From the Colosseum, walk to the northeast to visit the Domus Aureus, Nero’s famous “golden house,” then backtrack and travel northwest along the Via del Fori Imperiali to see Caesar’s Forum, about ½ mile on left and Trajan’s Forum, further along on the right.

Continuing in the same direction brings you back to the Piazza Venezia.

               A Walk to the Vatican

From the Piazza della Rotonda (in front of the Pantheon), walk west along the Via Salvatore Giustiani which ends at the Corso Rinasimento. Cross the street, take a left then a right through the first alleyway into the fabulous Piazza Navona. This oval square once held chariot races.Check out the beautiful fountains and be sure to spend some time at an outdoor café, people-watching and soaking up the ambience of the Eternal City.

Exit to the south (at the open end of the piazza) and soon cross the major thoroughfare, Corso Vittorio Emanuele II. Continue southward several blocks to the Campo dei Fiori, Rome’s old flower market where locals still shop for various foods and sundries.
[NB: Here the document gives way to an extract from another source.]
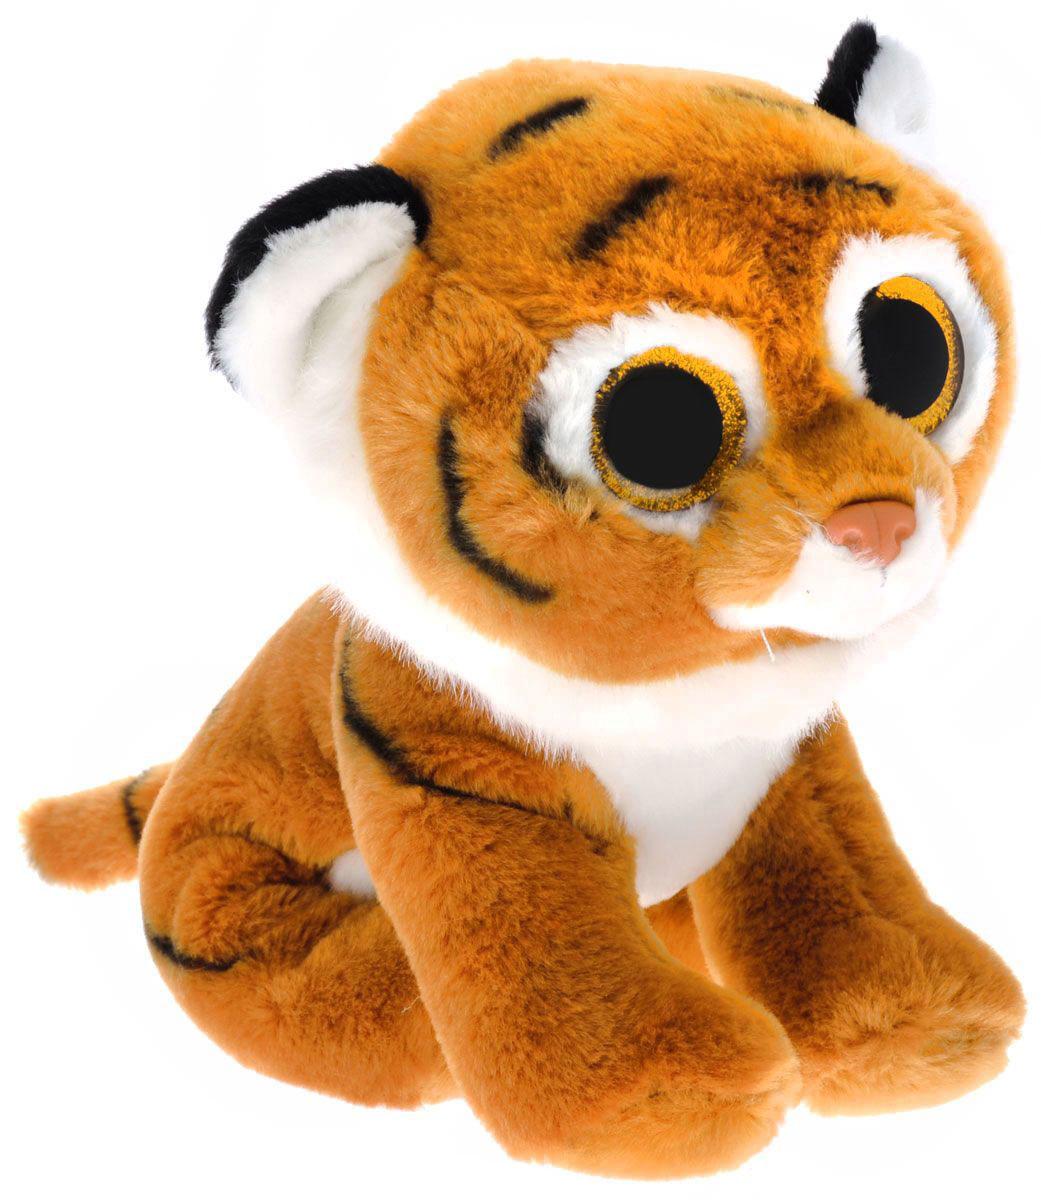 картинки с мягкими игрушками с большими глазами типы

Turn right and follow the Via del Pellegrino, then turn right on Via Dei Bianchi which changes names several times and crosses the Corso V Emanuele II on its way toward the Tiber River.
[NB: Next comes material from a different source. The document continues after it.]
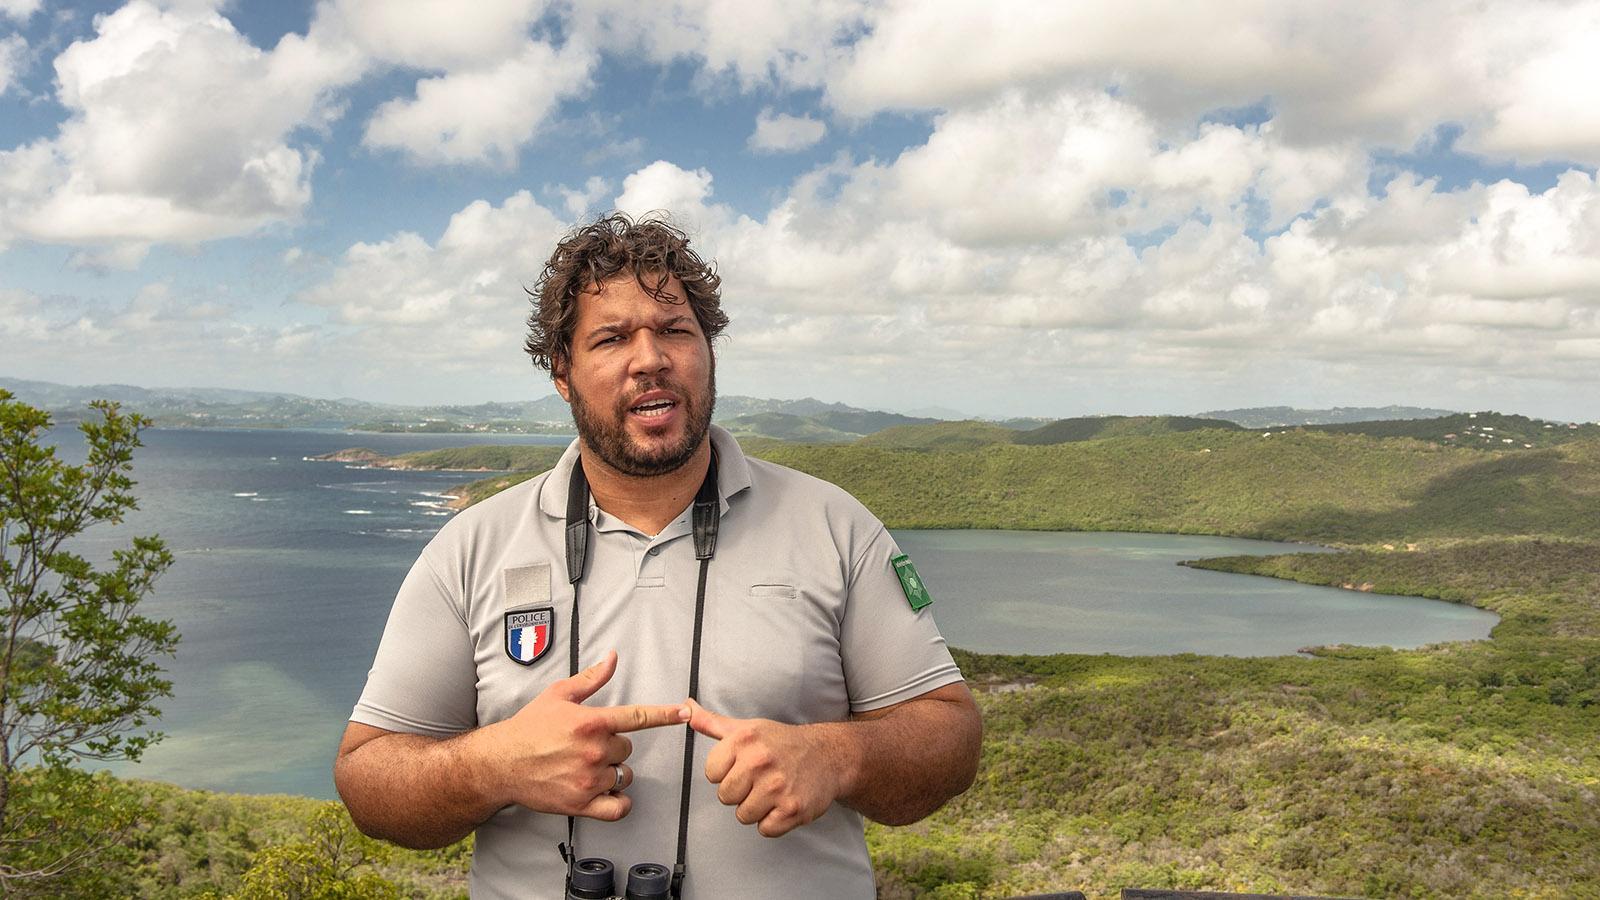 Thomas Alexandrine arbeitet als Ranger im Naturschutzgebiet Caravalle. Foto: Hilke Maunder

Cross the Ponte Sant Angelo to Hadrian’s Tomb (Castel Sant Angelo). After a brief visit, head west along the regal Via della Conciliazione which leads to the Piazza San Pietro and Saint Peter’s Cathedral, in Vatican City.
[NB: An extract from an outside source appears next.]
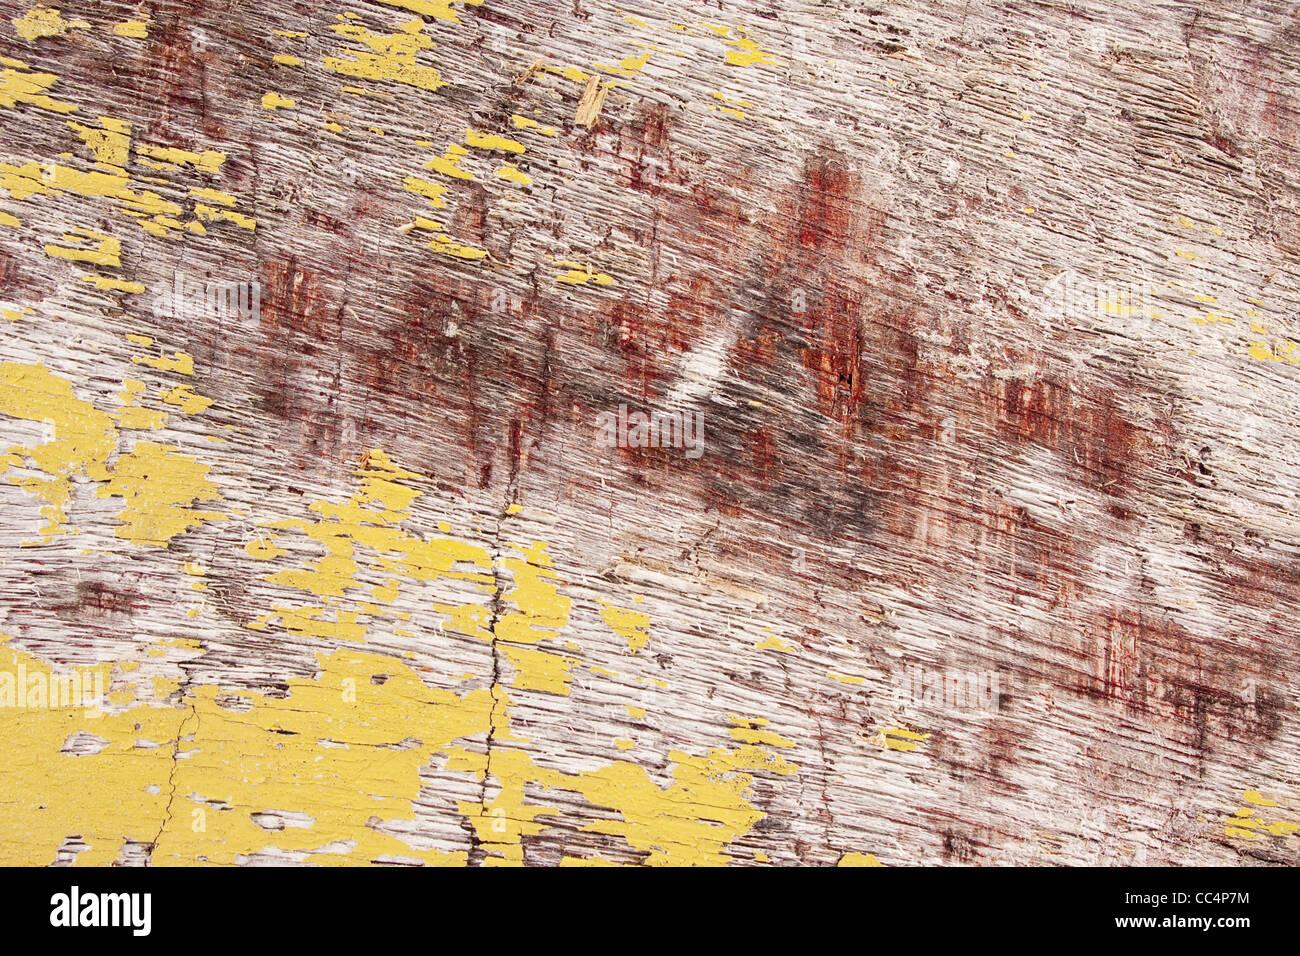 Auf Holz Malen Stockfotos Auf Holz Malen Bilder Alamy

Visit the Vatican Museum first – entrance can be reached by turning right at the Piazza and following the line of people (be sure to get tickets online prior to arrival to avoid a long wait), then check the incredible cathedral whose dome was also designed by Michelangelo.

      Fountains, Steps, and Parks

Beginning at the Piazza della Rotonda (in front of the Pantheon), walk eastward along the Via Seminario to Rome’s premier shopping street, the Via del Corso. Take a left, then a right onto the Via della Muratte which empties at the most famous fountain in Rome, the Trevi Fountain. After throwing your coins and taking the obligatory photos, return to Via del Corso and turn right. Continue north to Via Condotti, famous for its expensive designer shops. Turn right and run the gauntlet past these enticing shops to the Piazza di Spagna, which contains the Spanish Steps, one of Rome’s most popular gathering places.

Climb the steps and emerge on the Viale della Trinita dei Monti, take a right, then left on Via Francesco Crispi, which leads to the entrance to the Villa Borghese. Check out the museum and wander the huge park before returning to your hotel.